* _RECORDED DATA_
----------------------------------------
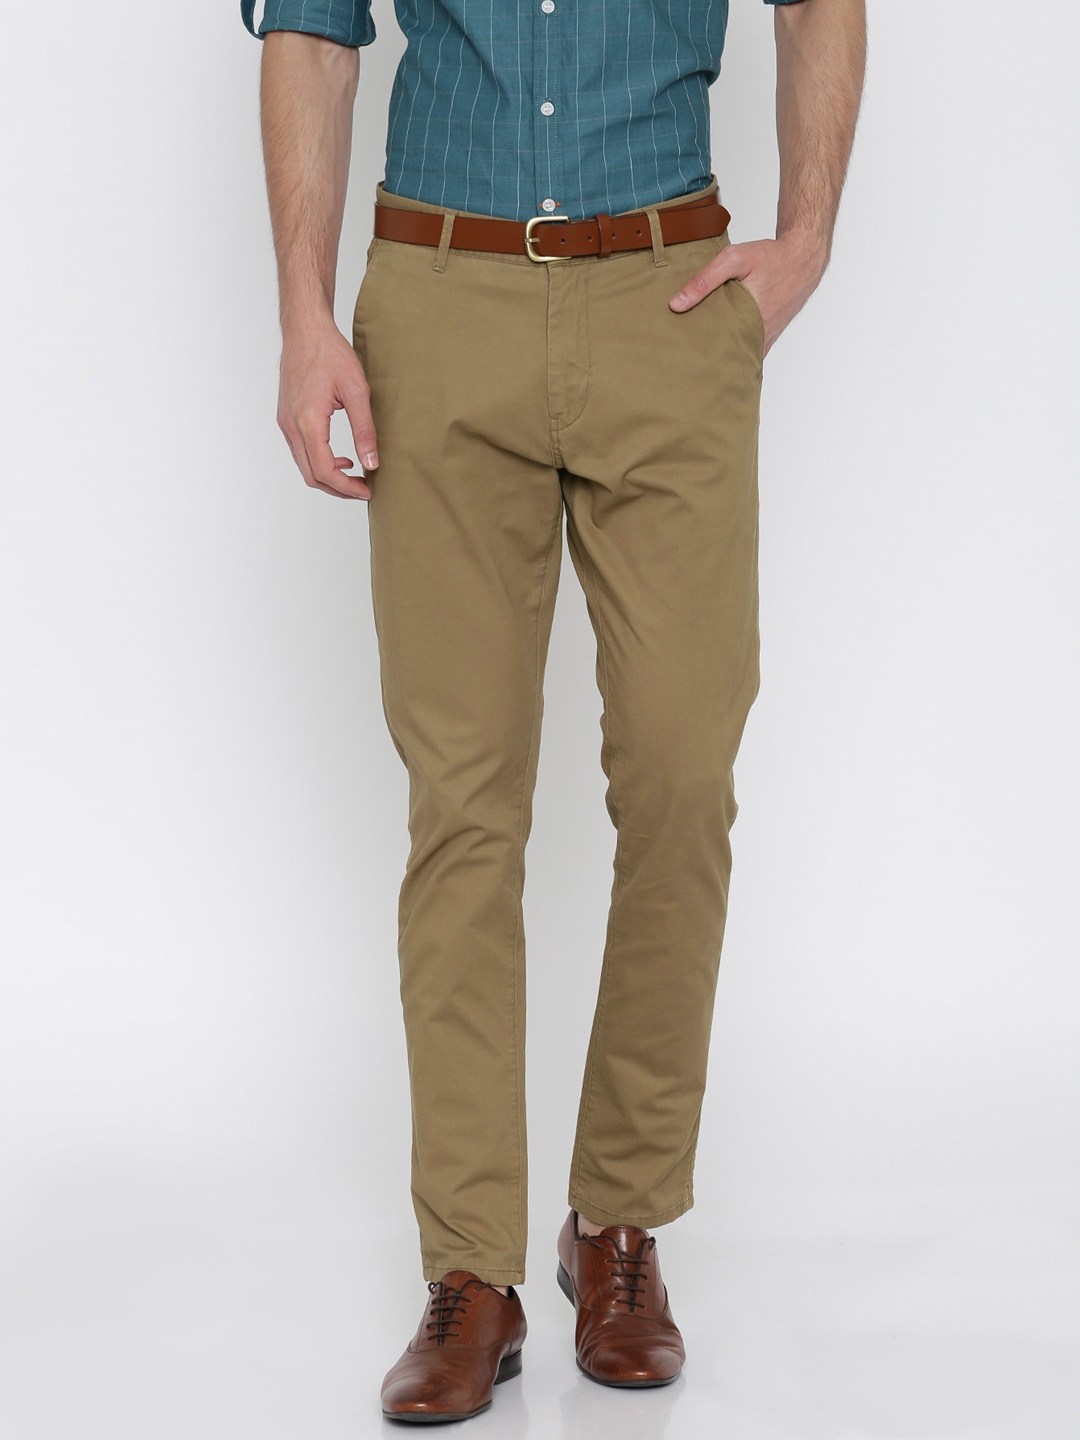 Buy Mast  Harbour Khaki Anchor Slim Differential Length Chino Trousers   Trousers for Men 1368601  Myntra
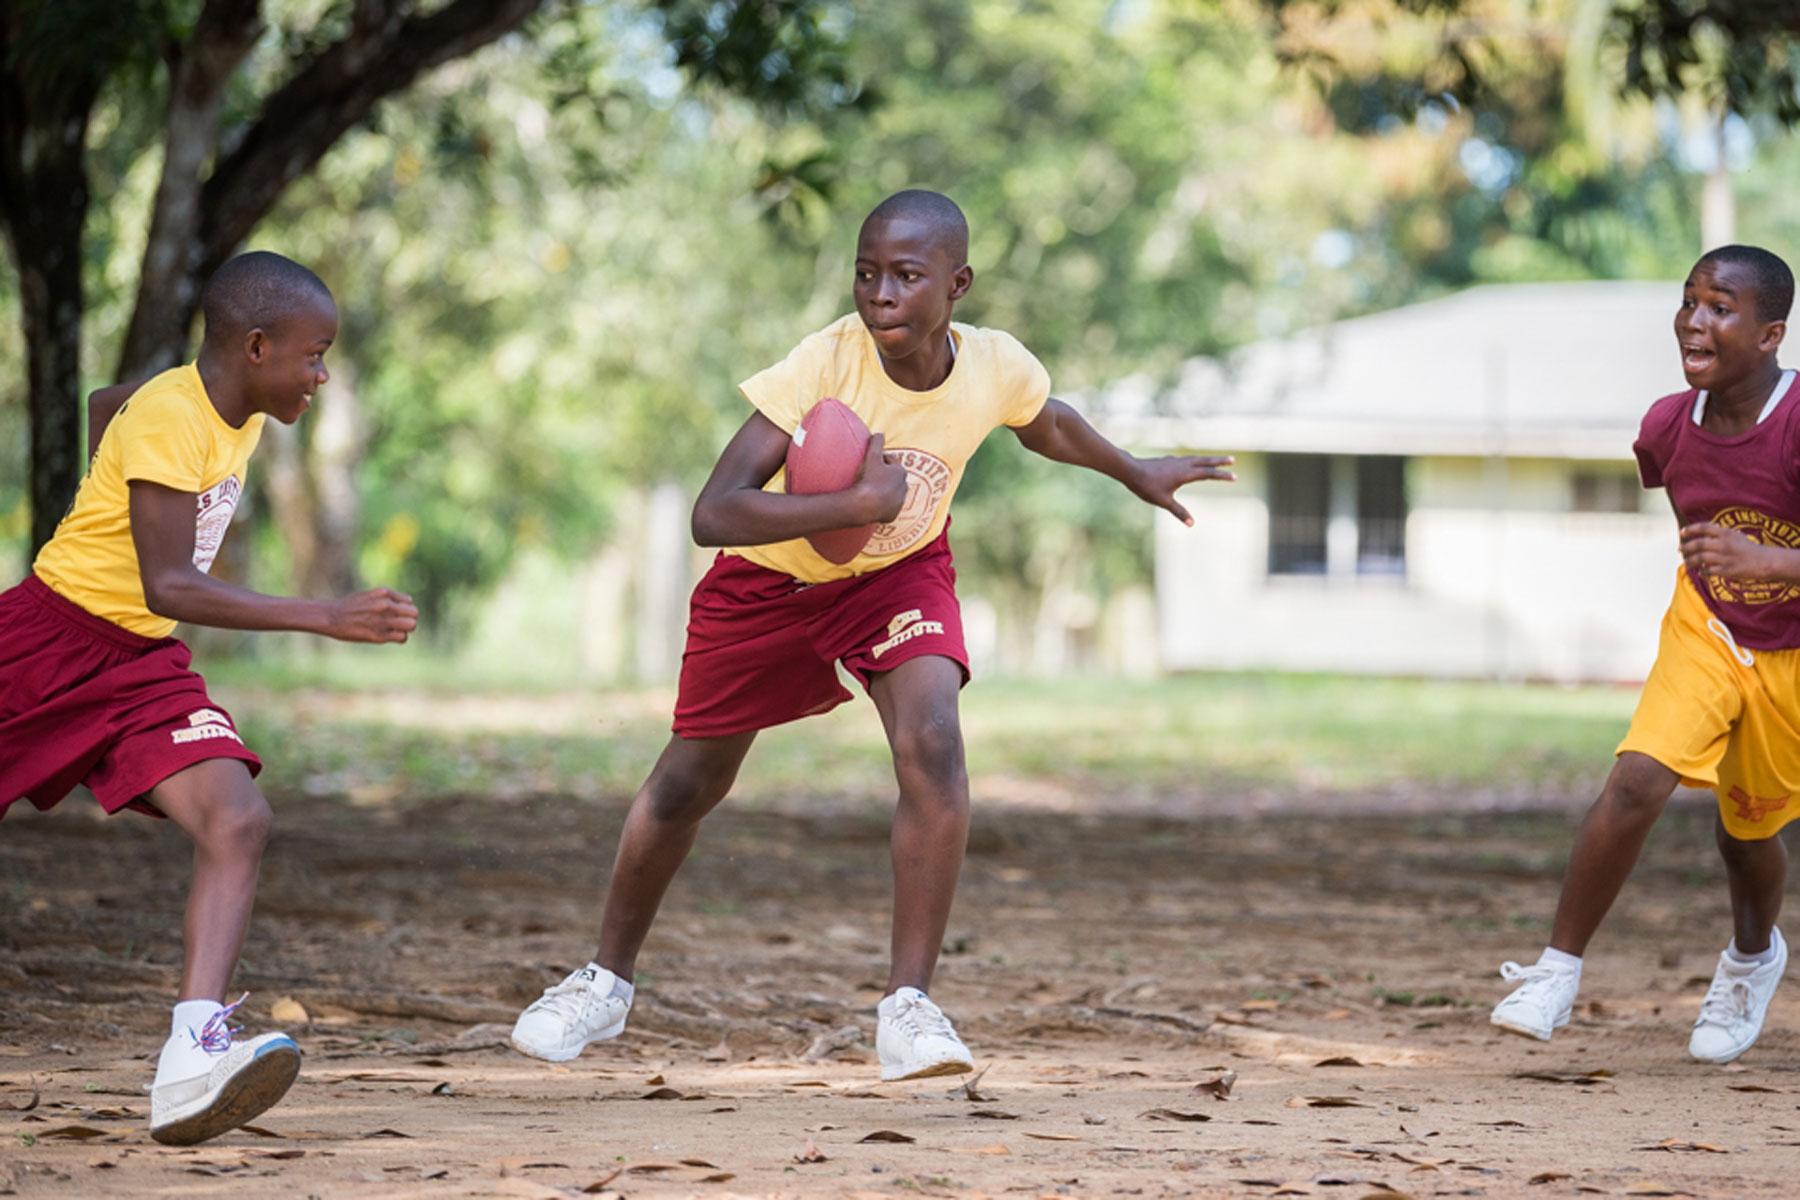 A group of students at Ricks Institute play football in the schoolyard. All photos: LWF/Albin Hillert
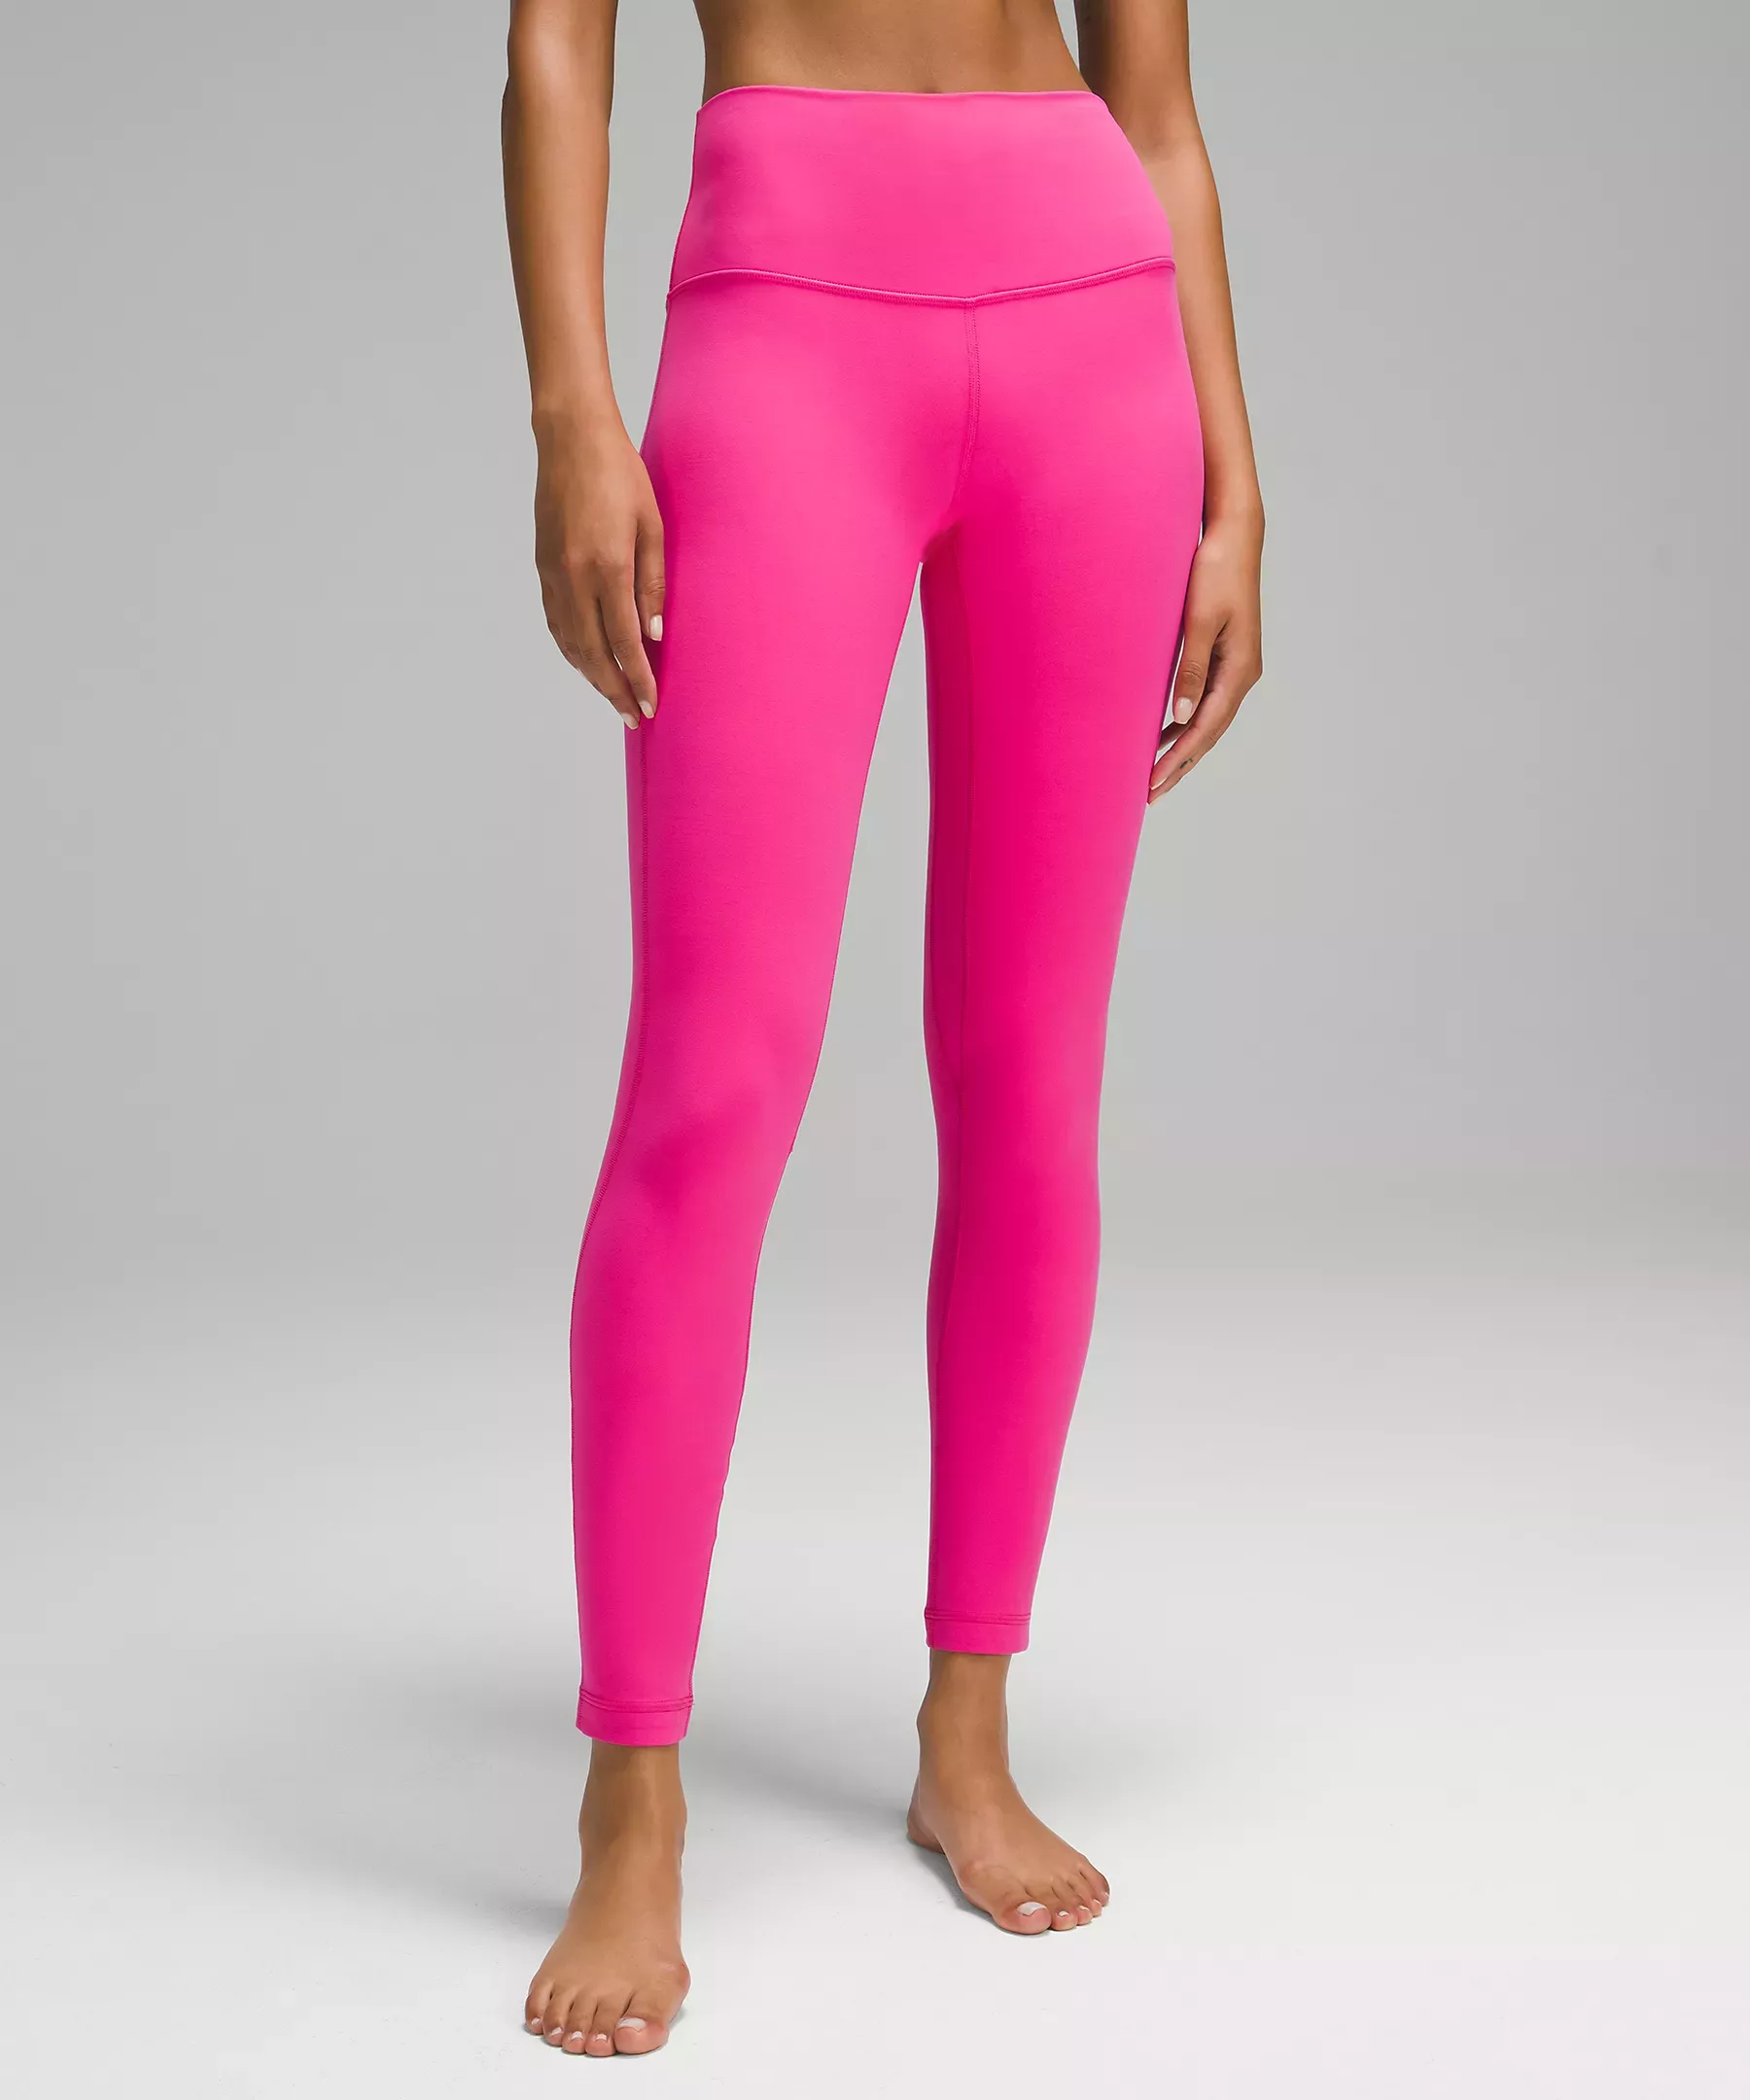 lululemon Align™ High-Rise Pant 24 *Asia Fit, Pink Taupe
----------------------------------------
Exclude the pictures, and transcribe all of the material exactly.

* _SOLVED PROBLEM_
 Buy Mast  Harbour Khaki Anchor Slim Differential Length Chino Trousers   Trousers for Men 1368601  Myntra
 A group of students at Ricks Institute play football in the schoolyard. All photos: LWF/Albin Hillert
 lululemon Align™ High-Rise Pant 24 *Asia Fit, Pink Taupe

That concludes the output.